Metadata is imported from the parser as a Volume property:

In [15]:
vol.parser.meta

{'id': 'mdp.39015028036104',
 'schema_version': '1.3',
 'date_created': '2016-06-19T18:28:16.1649565Z',
 'title': 'Russian short stories, ed. for school use,',
 'pub_date': '1919',
 'language': 'eng',
 'ht_bib_url': 'http://catalog.hathitrust.org/api/volumes/full/htid/mdp.39015028036104.json',
 'handle_url': 'http://hdl.handle.net/2027/mdp.39015028036104',
 'oclc': ['1456817'],
 'imprint': 'Scott, Foresman and company [c1919]',
 'names': ['Schweikert, Harry Christian 1877- ed. '],
 'classification': {'lcc': ['PZ1.S413 Ru']},
 'type_of_resource': 'text',
 'issuance': 'monographic',
 'genre': ['not fiction'],
 'bibliographic_format': 'BK',
 'pub_place': 'ilu',
 'government_document': False,
 'source_institution': 'MIU',
 'enumeration_chronology': ' ',
 'hathitrust_record_number': '1059466',
 'rights_attributes': 'pd',
 'access_profile': 'google',
 'volume_identifier': 'mdp.39015028036104',
 'source_institution_record_number': '001059466',
 'isbn': [],
 'issn': [],
 'lccn': ['19006802'],


In [16]:
vol.page_count, vol.issn

(460, [])

### 3. Alternative data parsers are supported

The bzipped JSON files may not meet all use cases. Developers can now extend basicVolumeParser with their own parsers, which are given to FeatureReader or a Volume with the `parser=...` argument. This will also help scale to future changes in the HTRC's Extracted Features file format.

There are two volume parsers included: `jsonVolumeParser` (default), and `parquetVolumeParser`.

### 4. A feature file can hold incomplete data

The feature reader is now more robust toward loading data that may be missing parts of speech, or lowercases, or not have the page sections. This can be useful for saving more succinct versions of texts.

`Volume.tokenlist()` also now contains a `rop_section` arguments, to drop the 'section' index level.
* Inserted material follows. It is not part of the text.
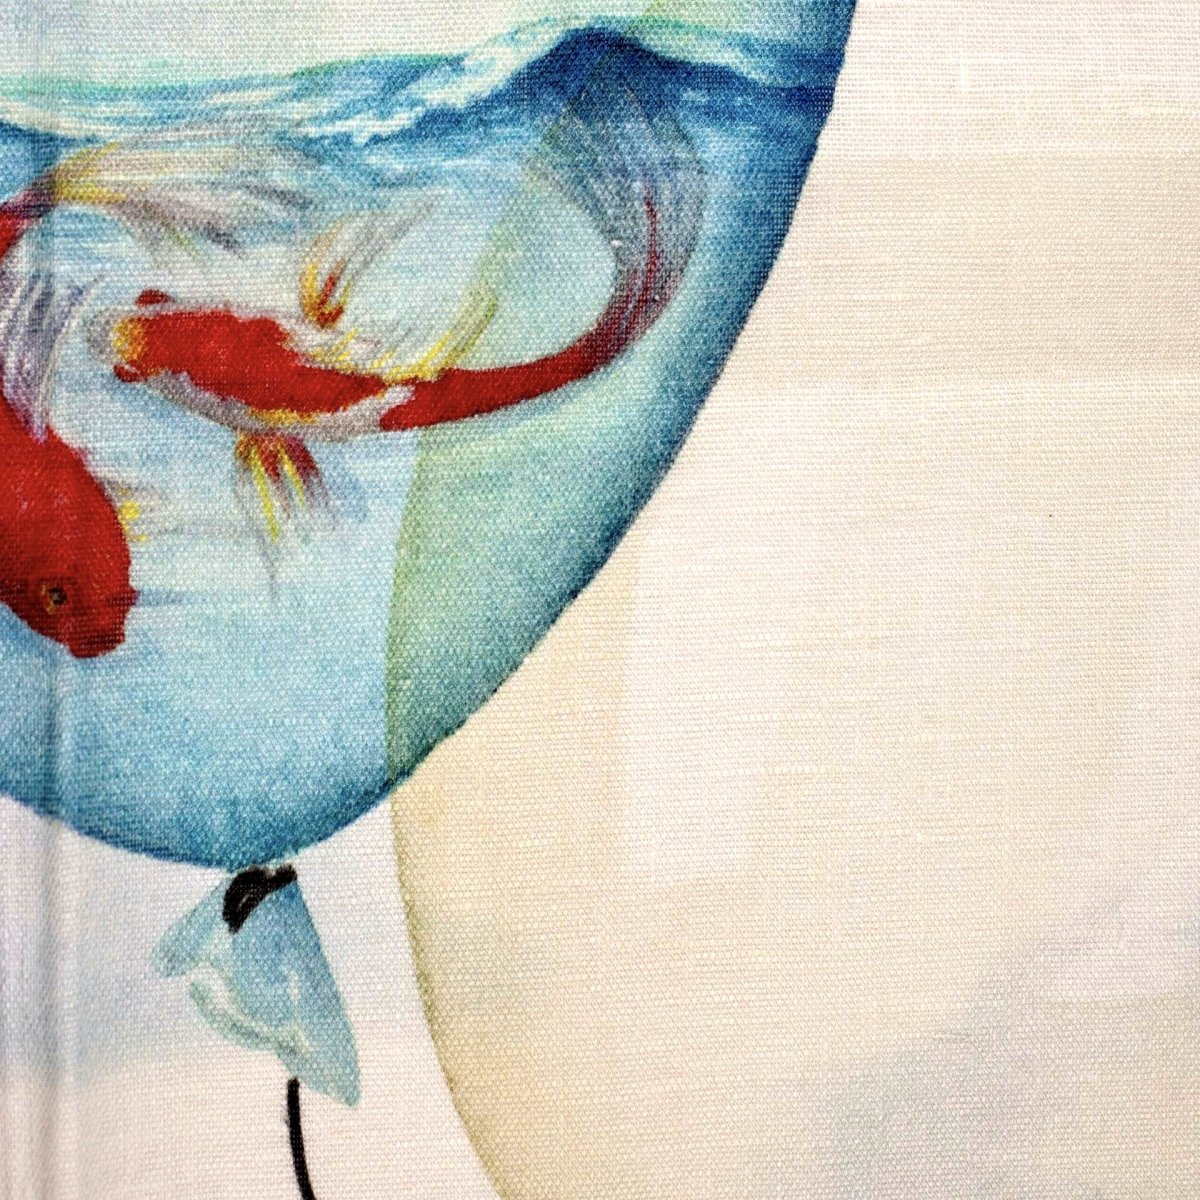 ''Balloons water' hør viskestykker' by Rune-Jakobsen Design. Explore our large selction of Viskestykker

This is a common use case, because most users only keep the 'body' section.

### 5. Support for Parquet-based dataset files

The current parser enforces a filename convention, and you pass the extensionless file path. Here's what the files look like:

In [20]:
glob.glob('../data/parquet/mdp.39015028036104*')

['../data/parquet/mdp.39015028036104.meta.json',
 '../data/parquet/mdp.39015028036104.tokens.parquet',
 '../data/parquet/mdp.39015028036104.section.parquet',
 '../data/parquet/mdp.39015028036104.chars.parquet']

You don't need all four - perhaps you just want to sload tokencounts and metadata, or even just metadata. The files are lazy-loaded, so if you have all four files but only want to access the metadata, you don't need to hide the other files - just don't call information from them!

Loading is done like this:

In [22]:
pvol = Volume('../data/parquet/mdp.39015028036104', parser='parquet')
pvol

`parser=` can also take a parser class directly.

In [24]:
from htrc_features import parquetVolumeParser
Volume('../data/parquet/mdp.39015028036104', parser=parquetVolumeParser)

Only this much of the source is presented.